I.Behar (ancien président EAPM): « Les structures périclitent toujours à cause des problèmes sociaux »
Décideurs. Quelle est l’origine de ce projet de « normes volontaires applicatives » ?
Izy Behar. Le secrétariat central de l’ISO à Genève, en Suisse, coordonne un réseau d’instituts nationaux de normalisation dans 160 pays. En 2011, à la demande des États-Unis, une vingtaine de pays se sont réunis afin de mettre en place une norme en matière de ressources humaines. C’était assez nouveau puisque, depuis l’origine, les normes ISO s’appliquent aux processus industriels et non aux services. Ils souhaitaient « normaliser » les processus de recrutement notamment, et ceux de la gestion des ressources humaines ; ce avec quoi la France n’était pas vraiment d’accord. Une norme bien plus politique devait s’appliquer à la gestion de ces ressources et concerner directement la stratégie de l’entreprise. C’est alors à notre pays qu’est revenu le projet de pilotage de la norme ISO 30408 sur la gouvernance humaine. Nous avons été suivis par une cinquantaine de pays et la norme a été publiée en 2016.
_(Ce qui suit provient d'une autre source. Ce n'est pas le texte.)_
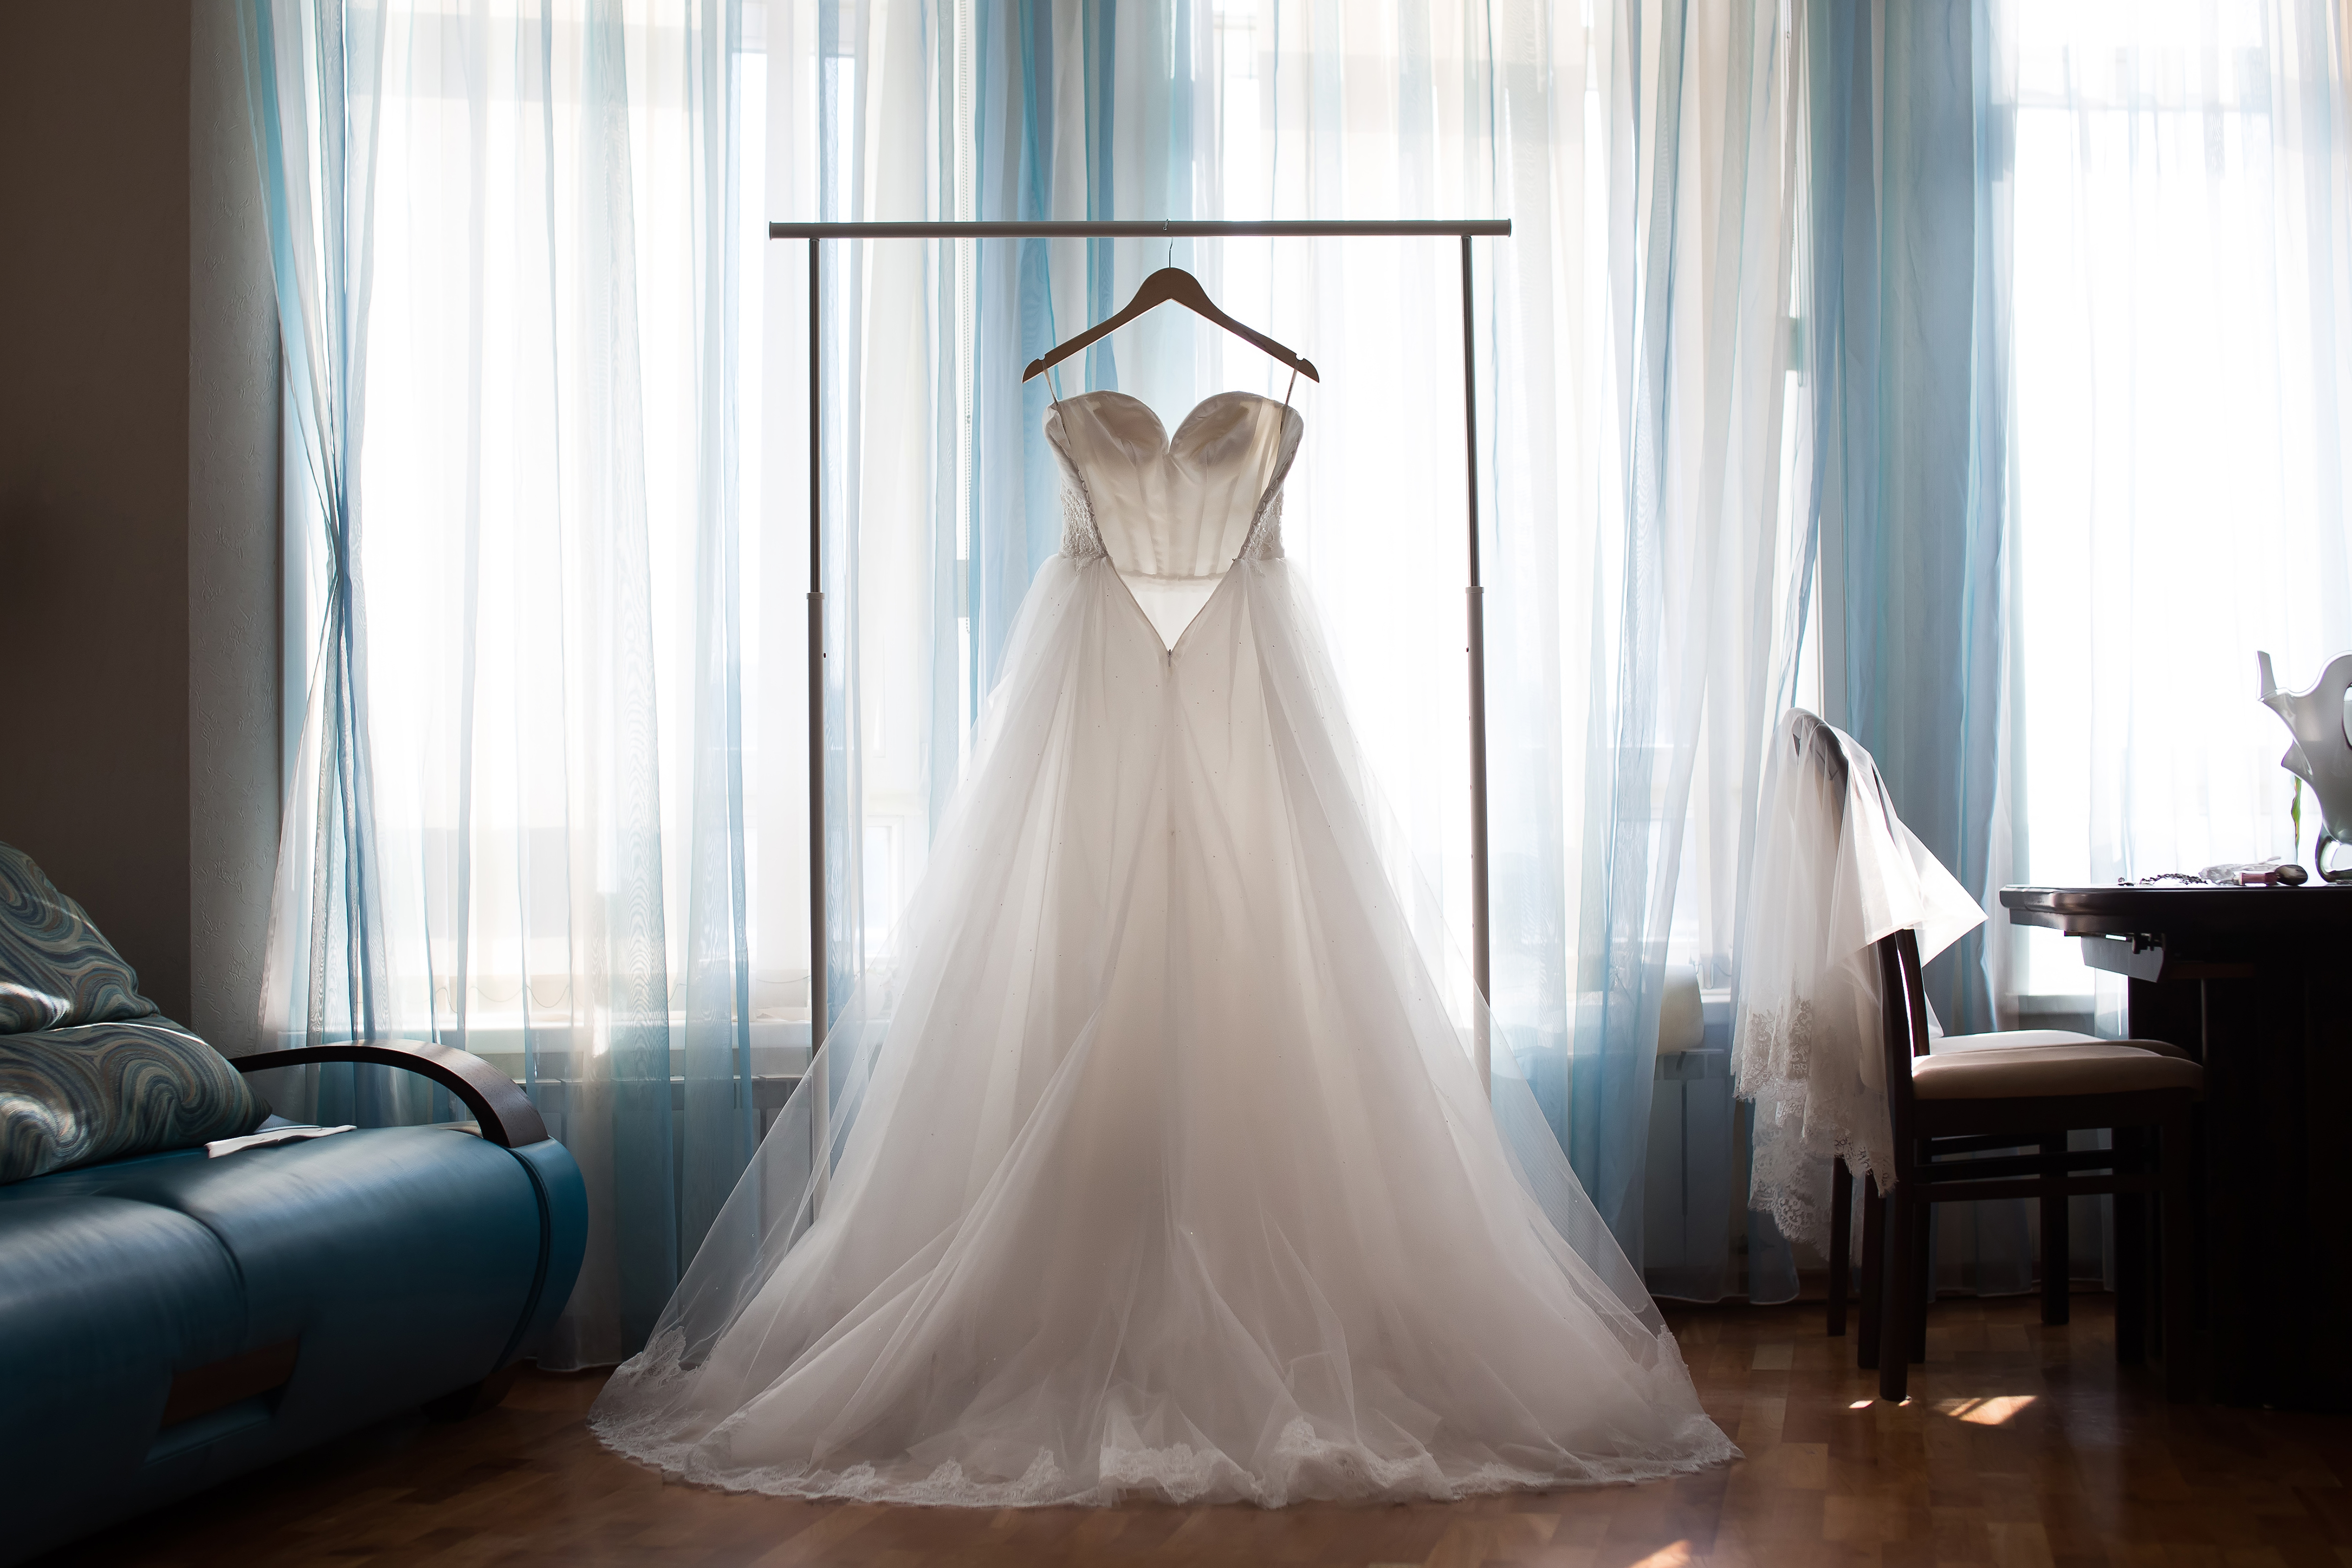 A white wedding dress on a hanger | Source: Shutterstock
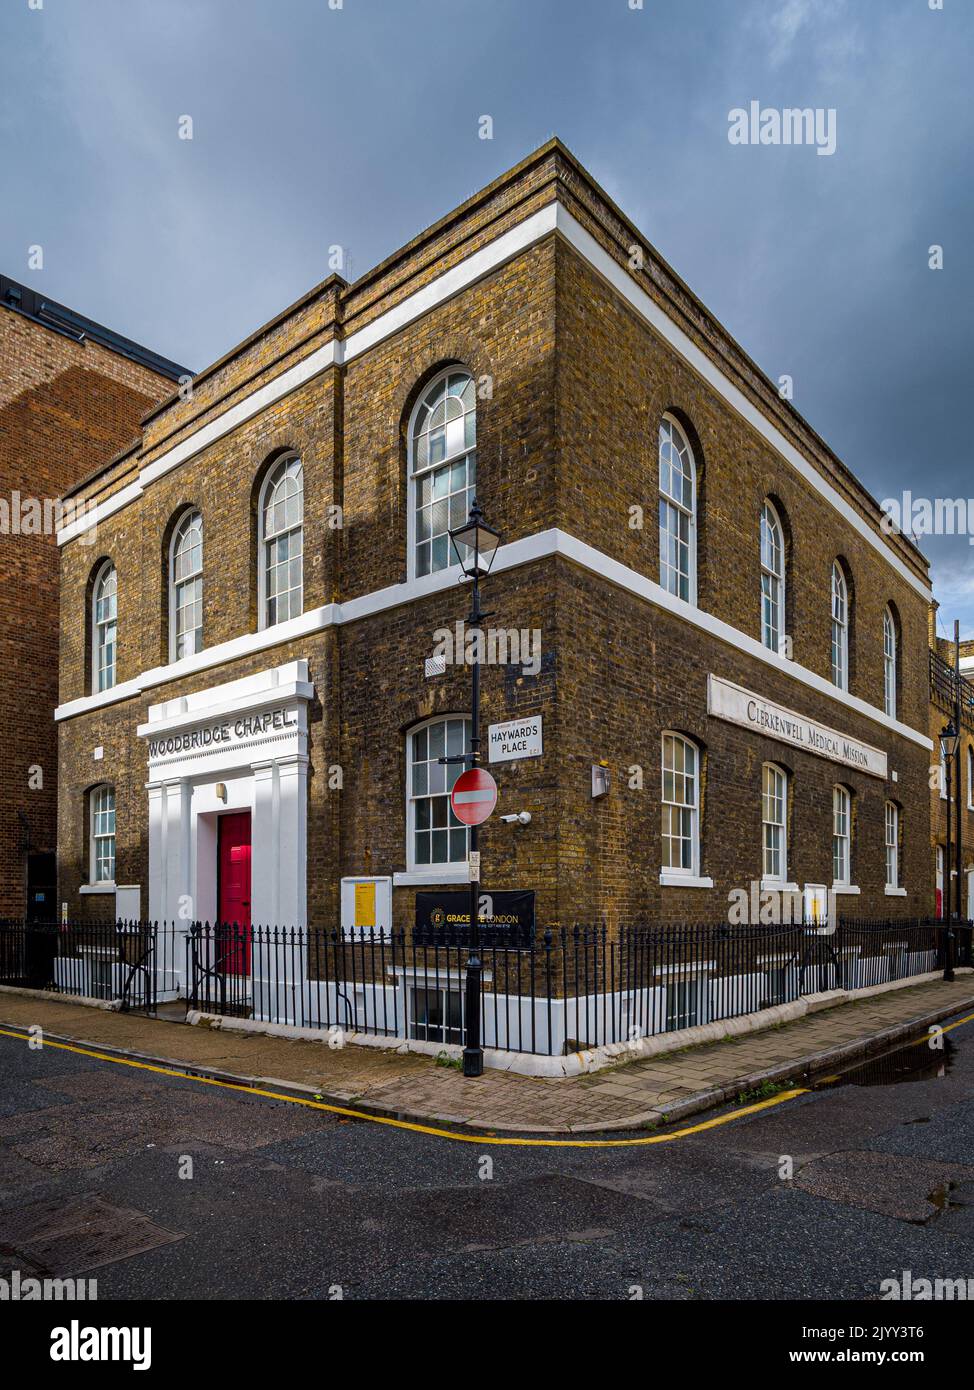 GraceLife London à Woodbridge Chapel Clerkenwell Londres. GraceLife London est une église évangélique classée Grade II Woodbridge Chapel Clerkenwell, Banque D'Images

Que contient cette norme ?
Ses lignes directrices proposent de mettre en place des outils, des processus et des pratiques destinés à favoriser le développement et l’amélioration continue d’une gouvernance humaine efficace au sein d’une organisation. Cette norme s’applique aux organisations de toutes tailles et de tous secteurs, qu’elles soient publiques ou privées, à but lucratif ou non. Pour résumer, la baseline serait : « Lorsqu’on prend une décision stratégique dans l’entreprise, il faut s’intéresser simultanément à ses conséquences économiques et sociales. » Il s’agit de la mise en œuvre de la formule que beaucoup citent « la performance sociale est le cœur de la performance économique ».
Comment la faire appliquer ?
Nous travaillons toujours sur des indicateurs à mettre en place afin de mesurer la mise en pratique de cette norme, mais il n’est pas simple de les définir dans la mesure où elle est d’ordre philosophique et morale et relative au capital humain. La mesure du taux d’absentéisme ou du coût du turnover sont des pistes que nous explorons car tous deux sont révélateurs de l’engagement des collaborateurs auprès de leurs employeurs, et traduisent la santé de l’entreprise. Quand les structures périclitent, c’est toujours à cause des problèmes sociaux.
Quelles en sont les conséquences ?
Le capital humain n’est pas suffisamment considéré dans nos entreprises, alors qu’il est le facteur principal de la compétitivité. Il faut encore plus éveiller les consciences.Actuellement, seules les conséquences économiques inquiètent. Dans les faits, la norme ISO 30408 veut mettre l’humain au cœur des préoccupations de la gouvernance des entreprises. Elle repositionne le DRH au niveau du comité exécutif, s’assure de lui donner les moyens d’agir en faveur des collaborateurs de l’entreprise. Celui-ci doit prendre part aux décisions stratégiques – ce qui n’est pas toujours le cas – pour être en mesure de les comprendre et de les anticiper.
Comment est-ce accueilli par les professionnels des ressources humaines ?
Il était important de faire partie de ces travaux au plus haut niveau mais aujourd’hui, nous avons une vraie mission de sensibilisation. La fonction RH, en France, n’est pas habituée aux normes, comme c’est le cas dans les pays anglo‑saxons, qui certifient ces compétences. Il faut montrer l’intérêt de ces textes votés au niveau international, pour le DRH au quotidien, mais aussi pour l’entreprise dans son ensemble.